I am using electronic switches to create non-TTL square wave clocking. The oscilloscope graph demonstrates two measurements:
Yellow signal: 0-8V Blue signal: 0-5V
As you can see, yellow signal is contaminated with small voltage jerks every time the blue signal goes high or low. I use microcontroller to drive DG642 switches, which in turn output high/low voltage; the schematic below represents the connections.

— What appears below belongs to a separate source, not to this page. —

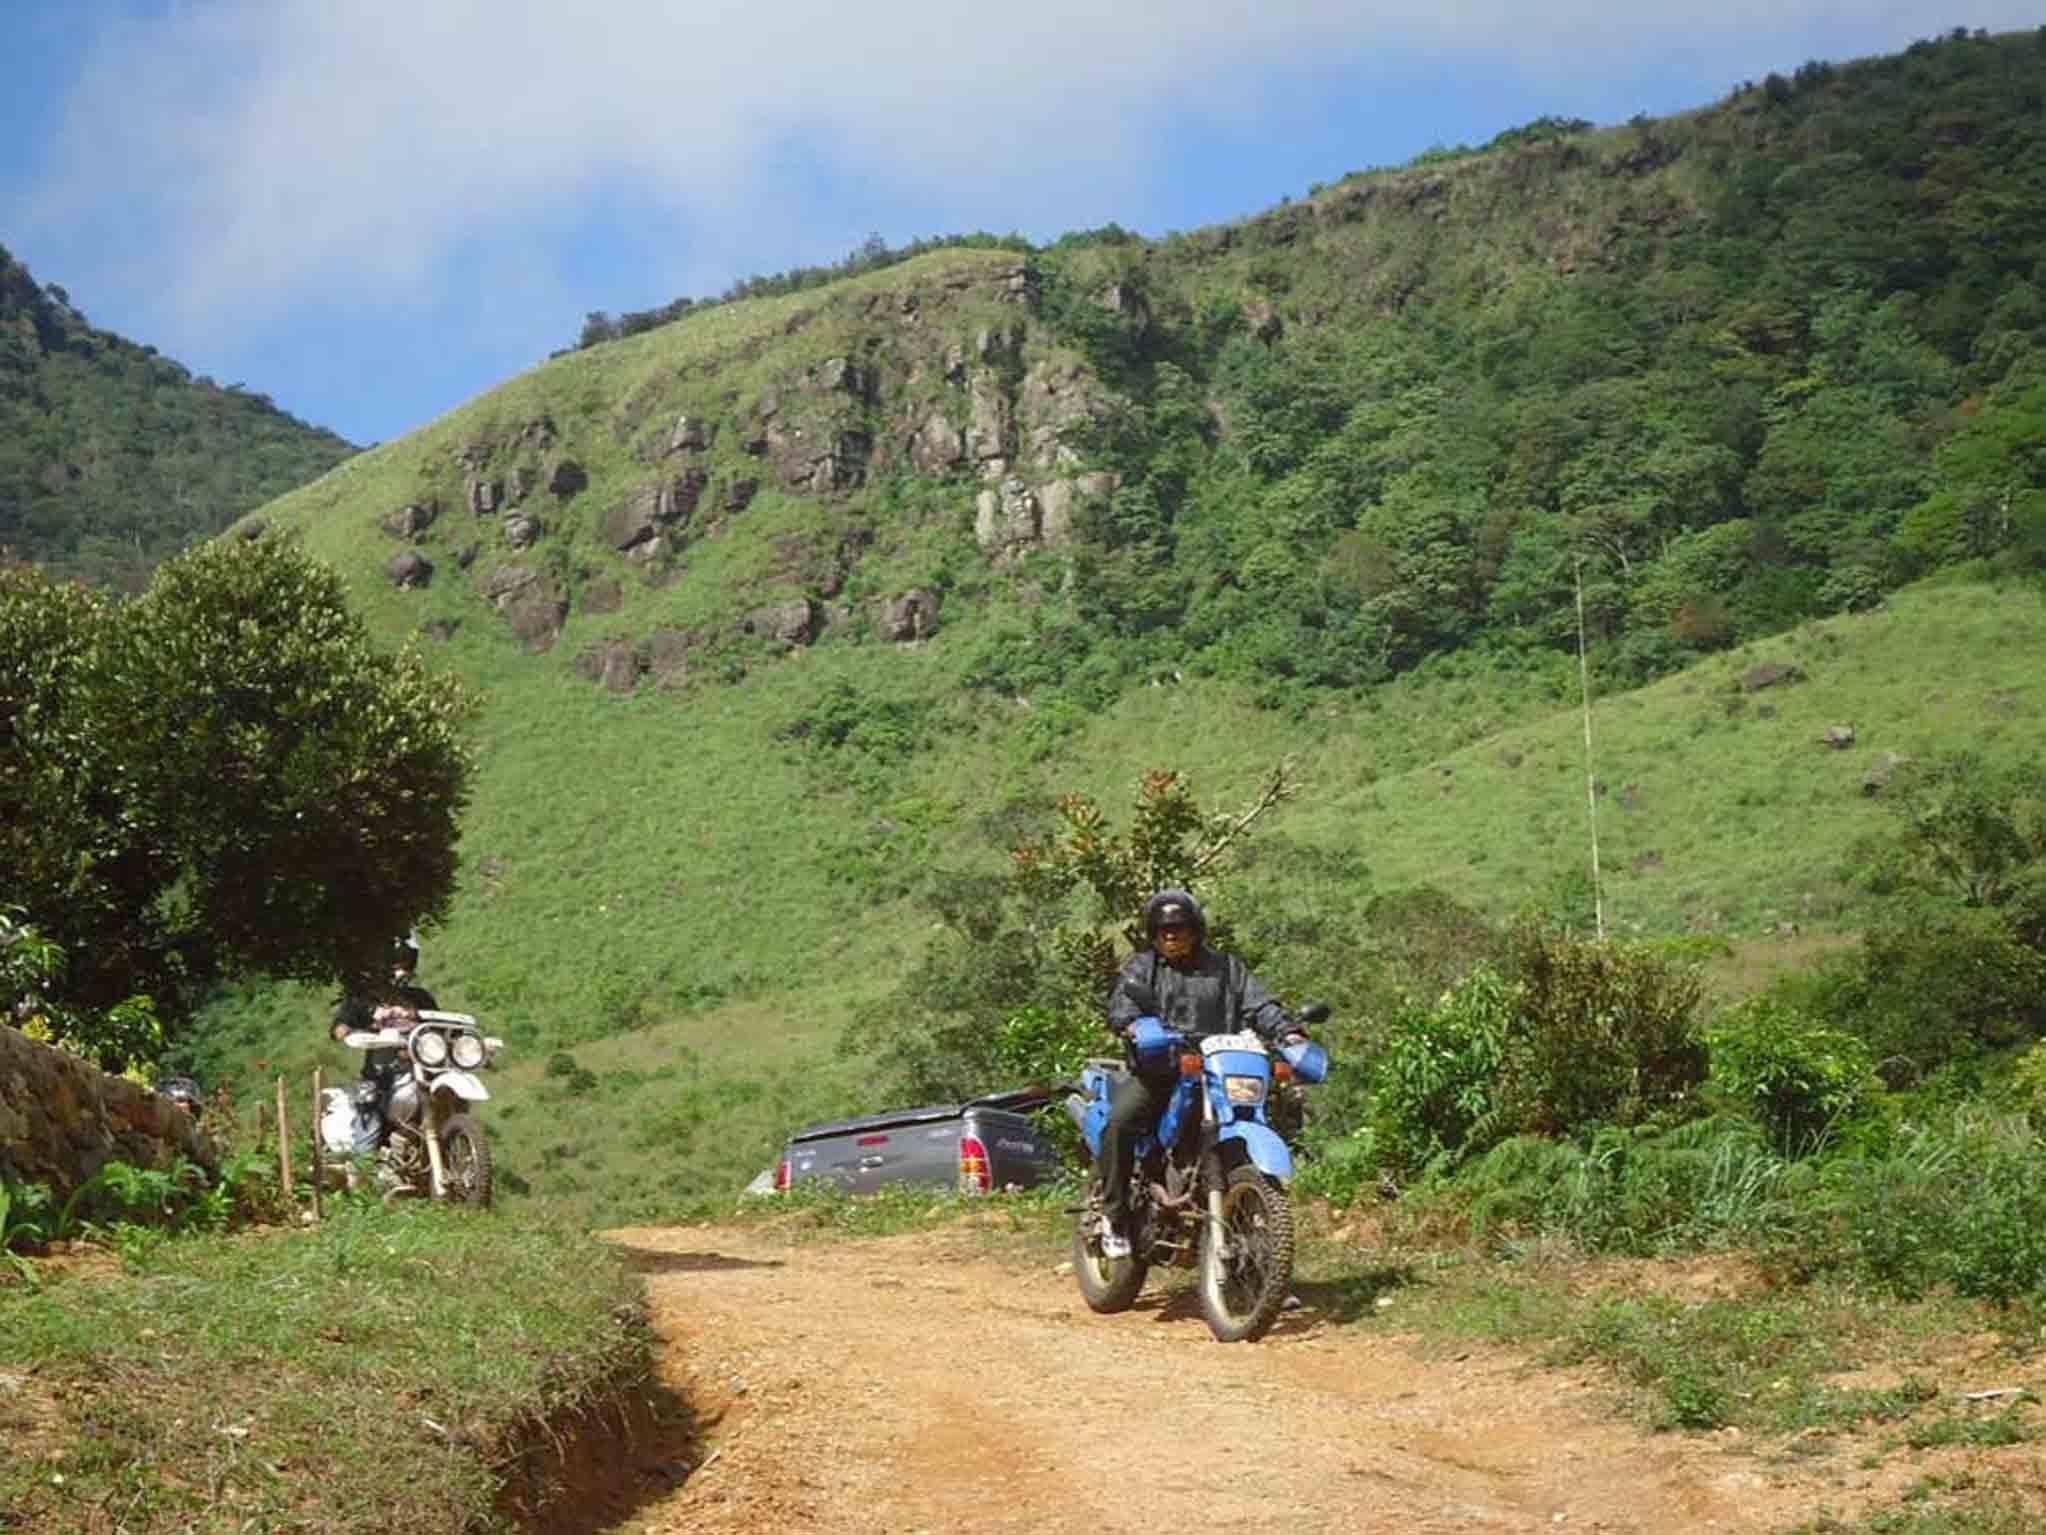 Ikman Lk Motor Bikesikman Dio Bike Matara Bicycling And The Best 50 Wiring Diagram For Rent In Sri Lanka Colombo Motorcycle

The power of +5V and +8V comes from independent power supplies. Connecting 10uF bypass caps to pin(1) of each switch does not help. Why does such signal contamination happen and how to fight it?
Answer
Crosstalk such as this can be caused by many things. Among them:
- noise on the power rails
- mutual capacitance
- mutual inductance
Moreover, your scope probe is susceptible to these things also. Depending on exactly how you attach the probe, what kind of probe, what kind of scope, where the cable is lying, etc, you change the circuit, and thus its behavior.
In particular, when the scope's ground connection is far away from the tip, this adds a lot of inductance to the probe. Here's a very common solution: What is the name of this springy type oscilloscope probe accessory?
The solution to this sort of problem (if there is indeed a problem, and not a flaw in your measurement technique) is a combination of careful layout to reduce unintended capacitive and inductive coupling and provide clean power rails, and making components tolerant of the noise that remains.